What to do: Every line below from the one containing "Boilies Mivardi Rapid" through the one containing "Taefi Rose Роза" must be transcribed exactly. Omit all lines outside that stretch.

Data for this task:
[Start of Attachment]
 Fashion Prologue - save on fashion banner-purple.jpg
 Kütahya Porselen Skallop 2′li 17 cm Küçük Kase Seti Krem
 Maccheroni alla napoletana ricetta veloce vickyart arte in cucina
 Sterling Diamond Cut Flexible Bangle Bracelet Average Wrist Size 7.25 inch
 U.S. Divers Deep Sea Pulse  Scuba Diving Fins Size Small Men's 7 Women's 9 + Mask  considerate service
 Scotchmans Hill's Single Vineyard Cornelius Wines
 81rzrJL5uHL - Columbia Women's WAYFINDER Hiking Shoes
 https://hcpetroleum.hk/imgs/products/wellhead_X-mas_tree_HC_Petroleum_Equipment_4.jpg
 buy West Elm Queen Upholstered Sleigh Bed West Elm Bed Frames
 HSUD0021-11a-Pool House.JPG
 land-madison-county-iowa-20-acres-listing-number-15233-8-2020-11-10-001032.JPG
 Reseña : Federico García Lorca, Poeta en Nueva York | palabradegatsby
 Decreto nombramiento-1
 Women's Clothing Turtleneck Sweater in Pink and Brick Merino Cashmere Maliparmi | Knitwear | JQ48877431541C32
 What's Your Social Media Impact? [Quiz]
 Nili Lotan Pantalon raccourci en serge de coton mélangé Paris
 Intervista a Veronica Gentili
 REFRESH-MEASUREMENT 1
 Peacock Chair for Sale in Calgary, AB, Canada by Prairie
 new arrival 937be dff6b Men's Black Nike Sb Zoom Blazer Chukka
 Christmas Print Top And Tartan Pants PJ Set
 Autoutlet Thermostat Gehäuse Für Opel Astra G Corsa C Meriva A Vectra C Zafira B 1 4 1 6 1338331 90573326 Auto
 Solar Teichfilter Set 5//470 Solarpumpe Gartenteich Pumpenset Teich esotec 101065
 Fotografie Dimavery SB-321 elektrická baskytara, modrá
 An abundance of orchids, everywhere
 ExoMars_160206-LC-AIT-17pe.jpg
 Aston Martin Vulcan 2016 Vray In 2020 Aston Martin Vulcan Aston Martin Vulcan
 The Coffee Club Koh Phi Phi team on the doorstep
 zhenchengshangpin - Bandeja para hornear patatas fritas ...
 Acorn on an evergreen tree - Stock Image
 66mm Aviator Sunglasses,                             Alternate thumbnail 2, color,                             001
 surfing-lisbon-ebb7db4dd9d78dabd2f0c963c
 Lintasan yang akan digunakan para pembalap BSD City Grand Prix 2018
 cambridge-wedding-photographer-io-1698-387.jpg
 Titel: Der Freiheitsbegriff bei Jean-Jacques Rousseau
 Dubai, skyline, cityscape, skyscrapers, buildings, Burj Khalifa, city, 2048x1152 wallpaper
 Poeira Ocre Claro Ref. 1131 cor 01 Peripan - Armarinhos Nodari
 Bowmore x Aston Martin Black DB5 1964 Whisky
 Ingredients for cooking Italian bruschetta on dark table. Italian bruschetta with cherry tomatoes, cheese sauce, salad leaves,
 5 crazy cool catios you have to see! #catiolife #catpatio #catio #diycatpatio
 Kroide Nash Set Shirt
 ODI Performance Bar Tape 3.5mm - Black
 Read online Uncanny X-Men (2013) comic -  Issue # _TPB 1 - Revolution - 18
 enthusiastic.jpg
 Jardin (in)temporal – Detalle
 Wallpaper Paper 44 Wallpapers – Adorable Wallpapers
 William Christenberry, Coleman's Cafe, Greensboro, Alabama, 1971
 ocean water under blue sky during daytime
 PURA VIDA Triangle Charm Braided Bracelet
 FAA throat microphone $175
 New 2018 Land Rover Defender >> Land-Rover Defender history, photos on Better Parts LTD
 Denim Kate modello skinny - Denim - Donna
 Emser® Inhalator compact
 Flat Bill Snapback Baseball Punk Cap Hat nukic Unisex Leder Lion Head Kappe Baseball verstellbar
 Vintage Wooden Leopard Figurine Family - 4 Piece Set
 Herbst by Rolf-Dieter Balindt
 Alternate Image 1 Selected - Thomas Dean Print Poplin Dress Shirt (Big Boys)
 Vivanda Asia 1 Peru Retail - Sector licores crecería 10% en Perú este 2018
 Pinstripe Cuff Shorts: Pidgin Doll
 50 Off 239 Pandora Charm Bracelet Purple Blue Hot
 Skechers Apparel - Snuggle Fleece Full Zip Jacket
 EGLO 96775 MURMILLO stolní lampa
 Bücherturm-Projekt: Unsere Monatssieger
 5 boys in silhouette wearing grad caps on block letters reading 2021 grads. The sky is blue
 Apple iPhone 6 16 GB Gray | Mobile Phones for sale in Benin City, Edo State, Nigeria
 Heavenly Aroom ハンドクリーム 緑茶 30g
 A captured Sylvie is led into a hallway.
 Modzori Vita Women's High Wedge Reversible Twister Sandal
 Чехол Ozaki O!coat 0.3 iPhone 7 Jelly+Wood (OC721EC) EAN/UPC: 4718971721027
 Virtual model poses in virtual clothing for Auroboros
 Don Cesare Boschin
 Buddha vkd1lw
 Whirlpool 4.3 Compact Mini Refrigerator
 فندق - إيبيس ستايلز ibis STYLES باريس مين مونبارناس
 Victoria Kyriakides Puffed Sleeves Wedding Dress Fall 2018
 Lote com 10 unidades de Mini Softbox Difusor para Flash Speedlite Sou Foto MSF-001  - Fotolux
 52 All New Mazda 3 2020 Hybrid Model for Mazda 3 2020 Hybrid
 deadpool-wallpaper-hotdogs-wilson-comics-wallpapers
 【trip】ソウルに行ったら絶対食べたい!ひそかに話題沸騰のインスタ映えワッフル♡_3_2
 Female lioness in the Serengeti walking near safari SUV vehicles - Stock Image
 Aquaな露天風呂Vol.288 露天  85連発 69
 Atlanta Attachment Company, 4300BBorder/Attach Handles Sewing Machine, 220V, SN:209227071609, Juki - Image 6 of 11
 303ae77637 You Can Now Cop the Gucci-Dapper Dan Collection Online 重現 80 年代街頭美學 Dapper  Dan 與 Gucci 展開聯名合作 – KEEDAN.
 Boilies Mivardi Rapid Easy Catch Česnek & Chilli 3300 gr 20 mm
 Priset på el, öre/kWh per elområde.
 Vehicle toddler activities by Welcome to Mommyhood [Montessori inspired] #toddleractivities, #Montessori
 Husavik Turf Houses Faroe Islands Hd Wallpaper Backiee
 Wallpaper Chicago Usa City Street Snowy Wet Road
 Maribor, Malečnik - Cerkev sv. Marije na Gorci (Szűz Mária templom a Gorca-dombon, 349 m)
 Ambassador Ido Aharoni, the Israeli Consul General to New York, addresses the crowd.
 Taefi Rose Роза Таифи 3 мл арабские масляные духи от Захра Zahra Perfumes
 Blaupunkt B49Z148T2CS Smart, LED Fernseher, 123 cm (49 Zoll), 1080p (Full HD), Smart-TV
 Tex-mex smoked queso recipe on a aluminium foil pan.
[End of Attachment]
Task answer:
 Boilies Mivardi Rapid Easy Catch Česnek & Chilli 3300 gr 20 mm
 Priset på el, öre/kWh per elområde.
 Vehicle toddler activities by Welcome to Mommyhood [Montessori inspired] #toddleractivities, #Montessori
 Husavik Turf Houses Faroe Islands Hd Wallpaper Backiee
 Wallpaper Chicago Usa City Street Snowy Wet Road
 Maribor, Malečnik - Cerkev sv. Marije na Gorci (Szűz Mária templom a Gorca-dombon, 349 m)
 Ambassador Ido Aharoni, the Israeli Consul General to New York, addresses the crowd.
 Taefi Rose Роза Таифи 3 мл арабские масляные духи от Захра Zahra Perfumes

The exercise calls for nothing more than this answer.